Teeter and Young win historic preservation awards
By Steven Hoffman
By Steven Hoffman
Glenn Teeter and Peter Young received awards from the Oxford Area Historical Association for their efforts to preserve local history at the organization's annual meeting, which was held at the Oxford Presbyterian Church on Nov. 18.
Ken Woodward, the vice president of the historical association, presented Teeter and Young with the awards, explaining why each man was a deserving recipient this year.
Teeter thoroughly researched and documented the history of the Union Fire Company No. 1 in Oxford.
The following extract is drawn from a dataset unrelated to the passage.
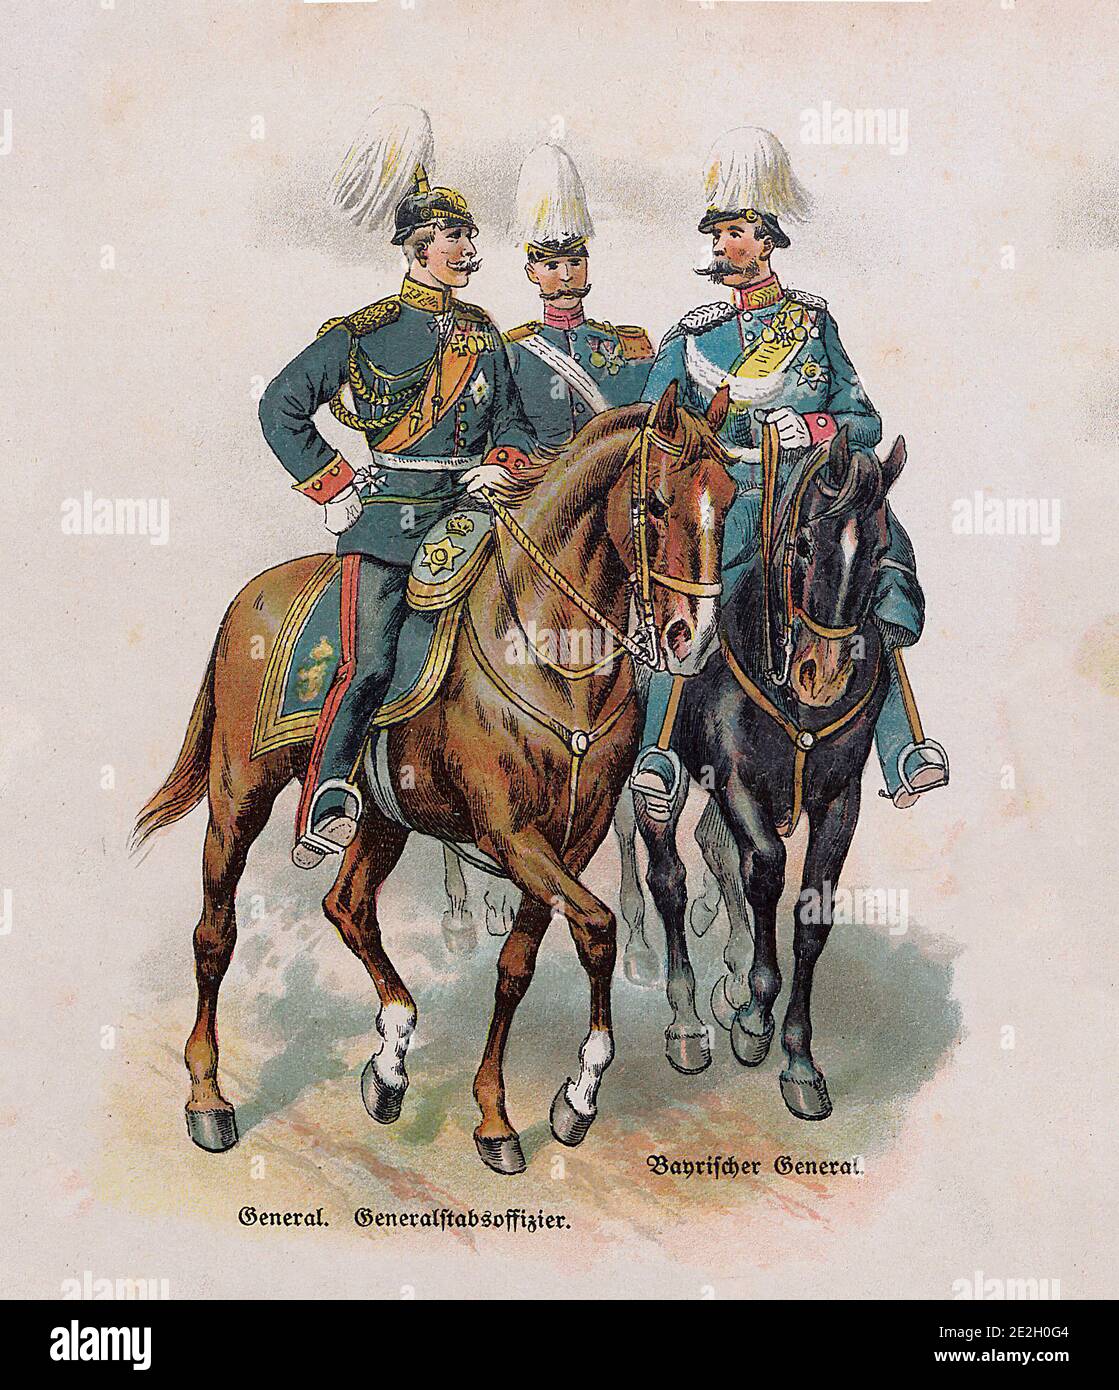 Imperial German Army (Deutsches Heer). General, general staff officer, Bavarian general. German Empire. 1910s Stock Photo
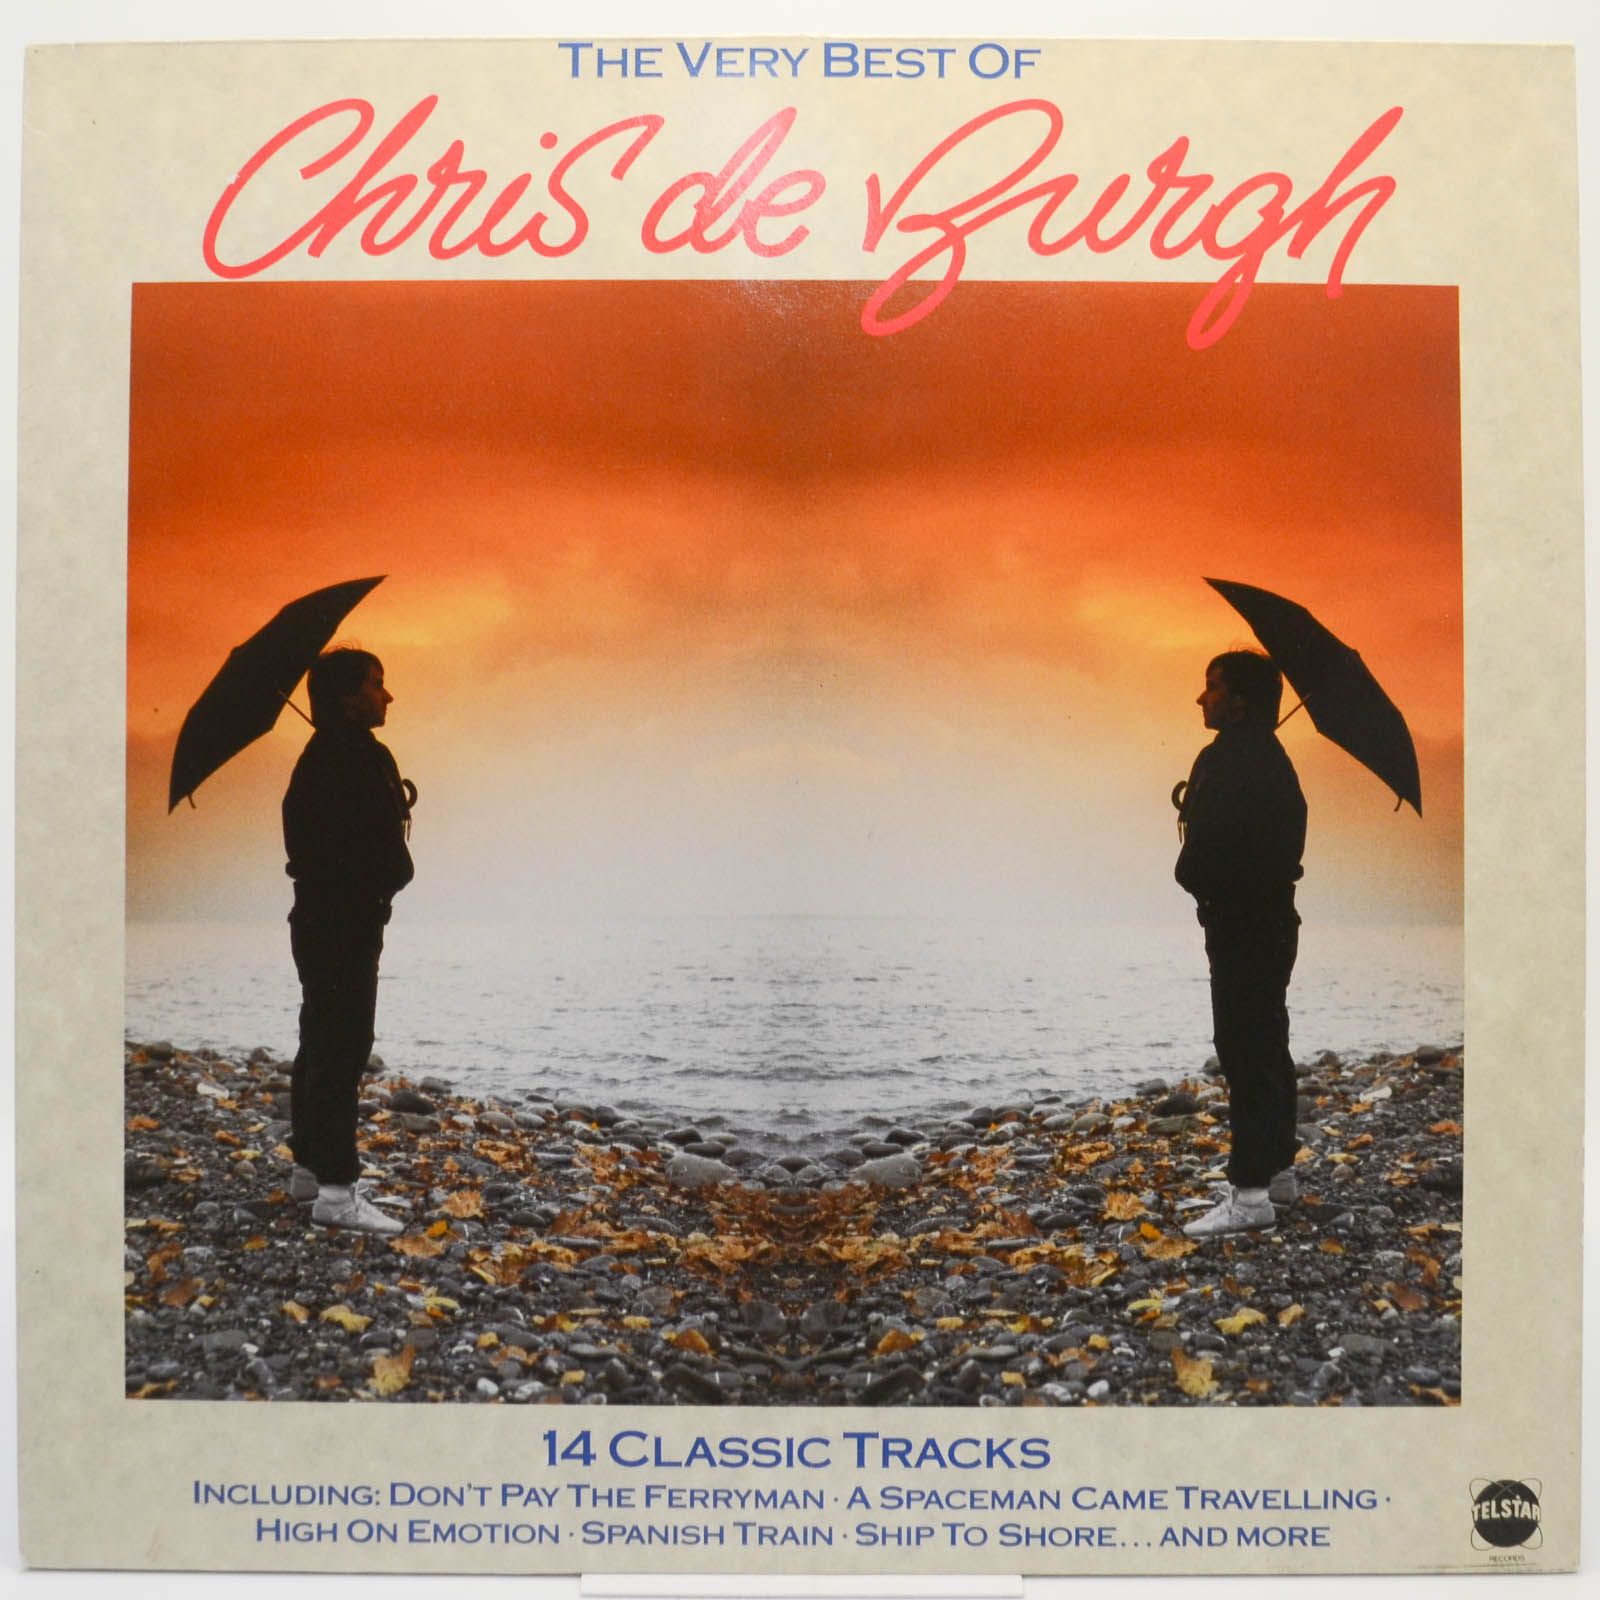 Chris de Burgh — The Very Best Of Chris de Burgh (UK), 1984

He spent three years working on the project, relying on newspapers and other resources at the Oxford Public Library and the Chester County Library in Exton to piece together a history of a fire company that got its start in 1871.
Some of Teeter’s research focused on the formation and early days of the fire company. In 1871, Rev. John Miller Dickey, a member of one of the most prominent families in Oxford history, traveled to Philadelphia to purchase an engine and a hose cart from fire companies in the city.
During the course of his research, Teeter was able to document many of the fire calls that the firefighters responded to through the years. He also collected information for books about the fire chiefs and Union Fire Company No. 1 presidents.
Teeter has been involved with the Oxford fire company for sixty years, serving in various capacities. Today, he is the unofficial historian, and can readily share many stories about the history of the fire company.
Woodward talked about Teeter's enthusiasm for the task of compiling an accurate history of the fire company.
“I think it was a work of love—his love of the fire company and his love of Oxford,” Woodward said.
Young, meanwhile, helped the Oxford Area Historical Association officials begin the process of archiving its collection of historical materials. Vernon Ringler, the president of the Oxford Area Historical Association, enlisted Young’s help on this effort because he knew about his distinguished career working in libraries—Young served as the chief of the Asian Division of the Library of Congress and was also the director of the National Agricultural Library.
Between February and April, Young worked with the Oxford Area Historical Association members as they processed items in their collection.
Young said that he helped provide some principles of organizational structure so that they were following standard practices of cataloging materials. Young explained that it is essential that archives and library collections be organized for use—the information must be cataloged in such a way that researchers can find the documents or materials that they are looking for.
Ringler said that the historical association is extremely grateful that Young shared his expertise on the project.
The guest speaker at the event was former State Rep. Art Hershey, who talked about his 2013 book, “From the Farm to the House” and shared stories about his life as a farmer and as a state legislator representing the 13th District in the State House of Representatives.
Hershey grew up on a farm that his father rented in Lancaster County. That was where he learned the basics of farming and grew to understand the importance of agriculture to the area.
When he got married, Hershey and his wife, Joyce, started their own dairy farm in Chester County. They eventually brought their son, Duane, into the partnership. It was around that same time that Hershey ran for the seat in the 13th District. He entered the State House in 1982 and served for 26 years.
“I always felt that farmers weren't fairly represented in the legislature,” Hershey said, explaining that he was able to be a voice for the farmer in Harrisburg, and he was often asked by colleagues for status updates about how farmers in the area were doing.
Hershey recalled how Leon Wilkinson, one of southern Chester County's most notable farmers, gave him some advice when he was thinking about partnering with his son to run the farm in the early 1980s. Wilkinson said that the father and son were too much alike, and it would be better simply to allow Duane to operate the farm. That's what Hershey did.
Hershey talked about how farmers have to be willing to make changes as factors in the industry change.
“Duane, our son, is not farming the way we did,” he explained. “Farms have to grow and change, just like any other business.”
Hershey also talked about his family, including how he is related to chocolate company founder Milton Hershey—but only distantly.
“I have to pay the same for candy as you folks do,” he joked.
He also shared some of the hard-earned wisdom that he picked up as a farmer and legislator.
“If you dream big, work hard, and talk to people who have had experiences that you don't have, you can succeed,” Hershey said.
This was the last Oxford Area Historical Association event for 2014. The organization is already making plans for its 2015 programs. On Jan. 20, Dr. Dick Winchester will serve as the guest speaker as he conducts a program about the history of education in the Oxford area. On March 17, there will be a program on vintage baseball just in time for the arrival of spring. Details about upcoming events and other information about the Oxford Area Historical Association can be found at www.oxfordhistorical.com.